A senior public sector bank executive said the lenders are negotiating with the Tulsi Tanti-promoted company on the terms - interest rate concession, a two-year payment moratorium, extended repayment period and fresh working capital support.
The package is likely to be taken up at a meeting of the corporate debt restructuring (CDR) cell members early next month. The banks with significant exposure include State Bank of India, IDBI Bank, Bank of Baroda, Punjab National Bank and Axis Bank. SBI Caps, capital market subsidiary of State Bank of India, the lead lender, was involved in framing the package's terms.
The estimated hit the banks will take on account of reduction in interest rate for the revised package is Rs 1,000 crore. The proposal calls for the promoters putting about Rs 250 crore, partly mitigating the lenders' sacrifice.
In October, Suzlon defaulted on redemption of foreign currency convertible bonds worth $220 million, after bond holders rejected a request for extension.
Another banker dealing with the CDR package said the FCCB exposure was not part of the debt recast terms but it factored in the financial obligations on the company.

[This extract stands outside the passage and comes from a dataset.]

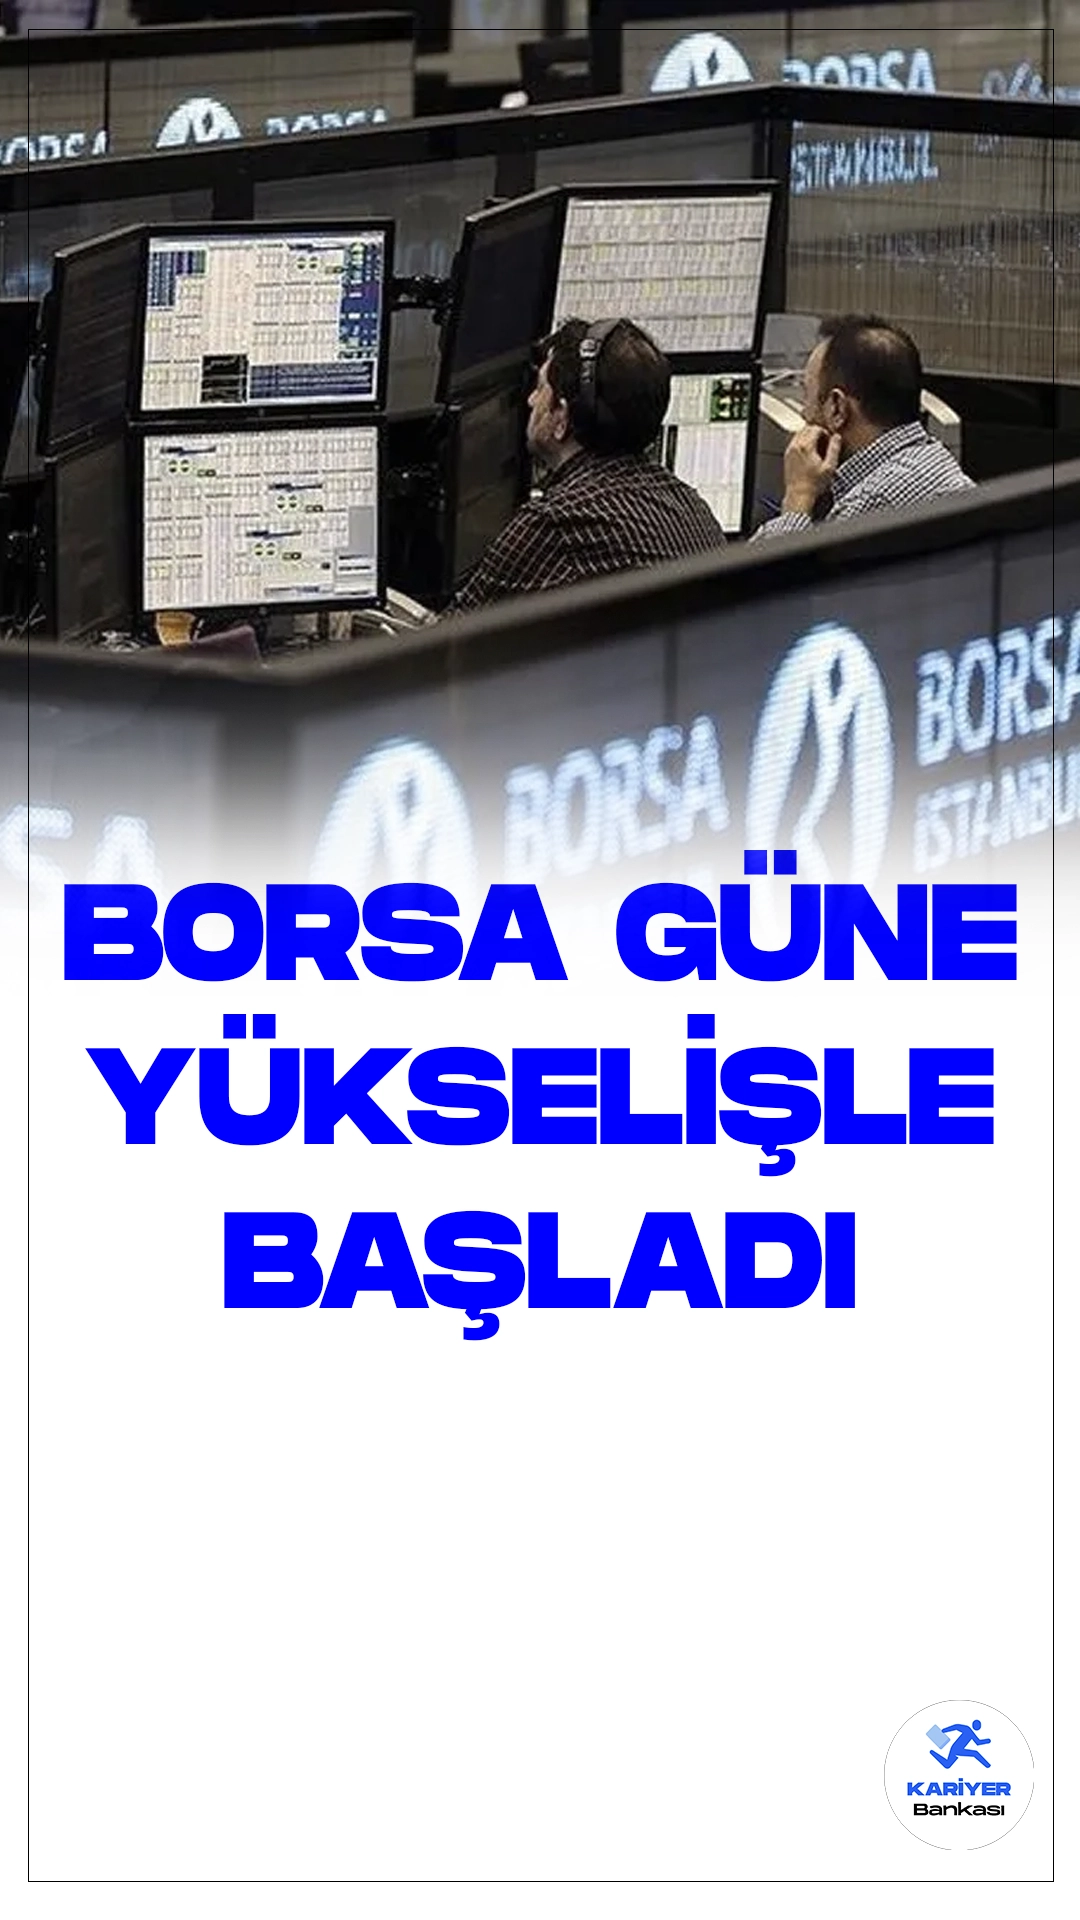 Borsa İstanbul Güne Yükselişle Başladı.Sabah saatlerinde Borsa İstanbul, BIST 100 endeksi ile yüzde 0,42 oranında bir yükselişle 9.100,27 puandan başladı. Güne başlarken endeks, önceki kapanışın üzerine 37,91 puan ekleyerek değer kazandı.

Besides domestic loans, some Indian lenders having branches abroad face an additional FCCB burden. They have issued credit-linked notes (CLNs), a sort of credit insurance on the FCCBs. So in the event of a default by the company in making payment, the CLN issuers would have to pay.
The wind energy turbine maker reported a consolidated loss of Rs 808 crore for the second quarter, amidst the challenges of debt restructuring and a weak macro-economic outlook. It had posted Rs 48-crore profit in the same period last year.
Revenue rose 11 per cent to Rs 5,702 crore from Rs 5,131 crore in the same period last year but raw material costs and interest costs rose sharply, resulting in a loss.